It seems reasonable to assume all sequences are nt and thus use _aa for when it's amino acids. However, I also think it's reasonable to put _nt on the field if it may not necessarily be obvious that it's a sequence. Here I side on being more specific. I'm okay with junction_nt, I also prefer fwr3_nt over just fwr3 or fwr3_sequence. Is there any reason to provide (say) fwr3 as amino acids? Maybe, so fwr3 and fwr3_sequence might be ambiguous while fwr3_nt and fwr3_aa are less so. But I agree with your point that if fwr3 might refer to either the sequence or the alignment, then we need to handle both, in that case fwr3_sequence and fwr3_alignment seems appropriate with the _nt implied.

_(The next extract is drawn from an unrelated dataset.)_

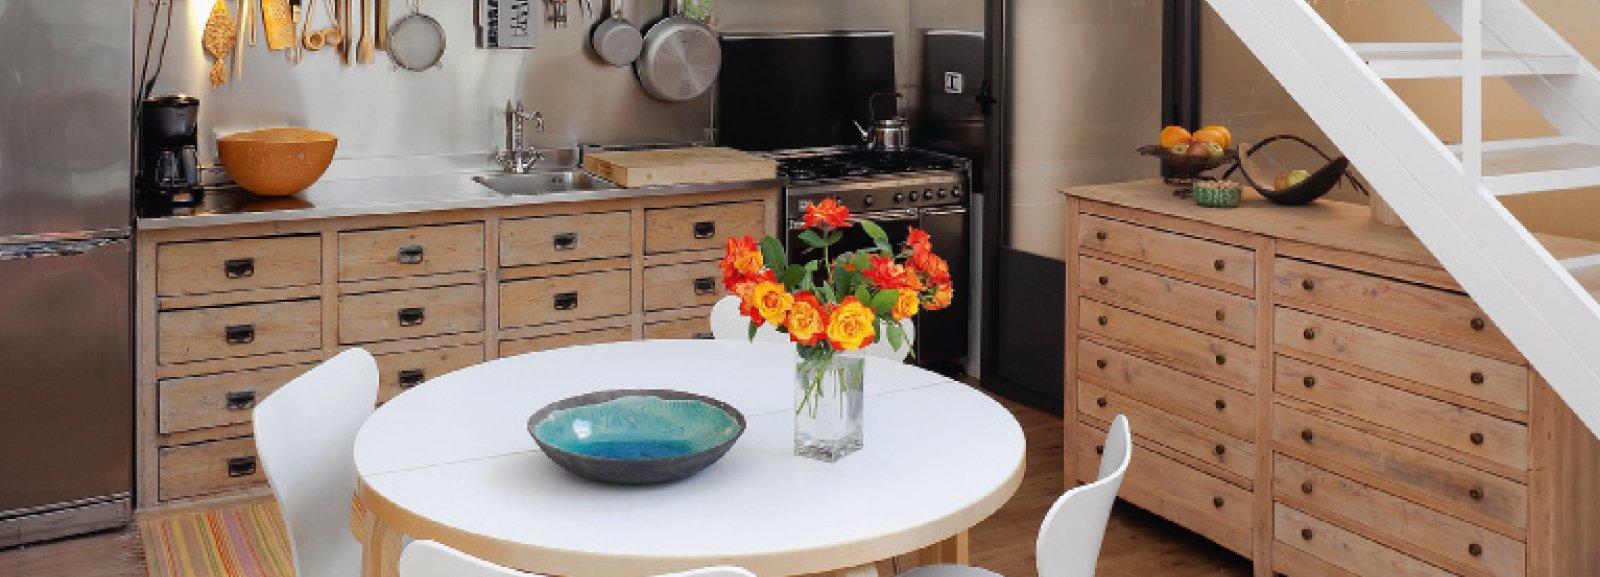 Cucina vintage con elementi di recupero cose di casa for Cucina senza pensili

I would eliminate the x-crwg tag, 1) because it isn't useful to the CRWG API spec nor to the AIRR library, and 2) crwg is probably not the best name. I'm fine with rearrangement_set and rearrangement_set_id not being required for now. It's probably premature to specify these technical details anyways until CRWG is further along.

Lastly, for sequence_id, it might be useful for the AIRR library to generate one if one isn't provided, which could be helpful for tools that depend upon it. Of course, tools could just as easily do it themselves.

jianye00 commented 6 years ago

Here is what I thought.

Under "Fields to modify", everything look fine except for the "sequence" field . I thought we should be strict about names and definitions for required fields so that we have a consistency in what they represent. I'd use "query_sequence" to avoid any ambiguity. As for definition, I thought it should only mean the original query sequence itself (or reversed and complemented as is defined in the original specs). If a tool wants to provide a sequence string of some other kind, it can be provided by a custom field.
"Necessary fields to add". 1) query_id seems to be a better name as reasoned above. 2) alignment (aligned_sequence / sequence_alignment). I am not sure about the purpose of this. Isn't alignment already represented by the existing CIGAR alignment field? 3) germline (germline_sequence). Same as 2) above.
"Optional fields to add" 1) chain (chain_type). If you took this from igblast, this means VH, VK, VL for B cell recepotor, VB, VA, VG, or VD for TCR. I'd prefer "chain_type" since it's a little more clear but I am fine with alternative names.
2) I'd use stop_codon to be clear. 3) vj_in_frame (v_j_in_frame). vj_in_frame is better since it's more consistent with existing names like np1_seq, etc. 4) mutated_invariant. I am not what it refers to since we have a few different invariant amino acid positions.
"Additional aligned sequence fields to add".
Since the current specs have CIGAR string to represent alignment already, can't these additional alignment fields could be treated as custom fields and let the tools themselves to define?
"Clarify naming of positional fields".
I'd use "v_query_start" and "v_germline_start", etc to be clear. v_query_start indicates the first position in the query sequence that is aligned to the germline V sequence. I am not sure what you meant by referring to both sequence_start and alignment_start.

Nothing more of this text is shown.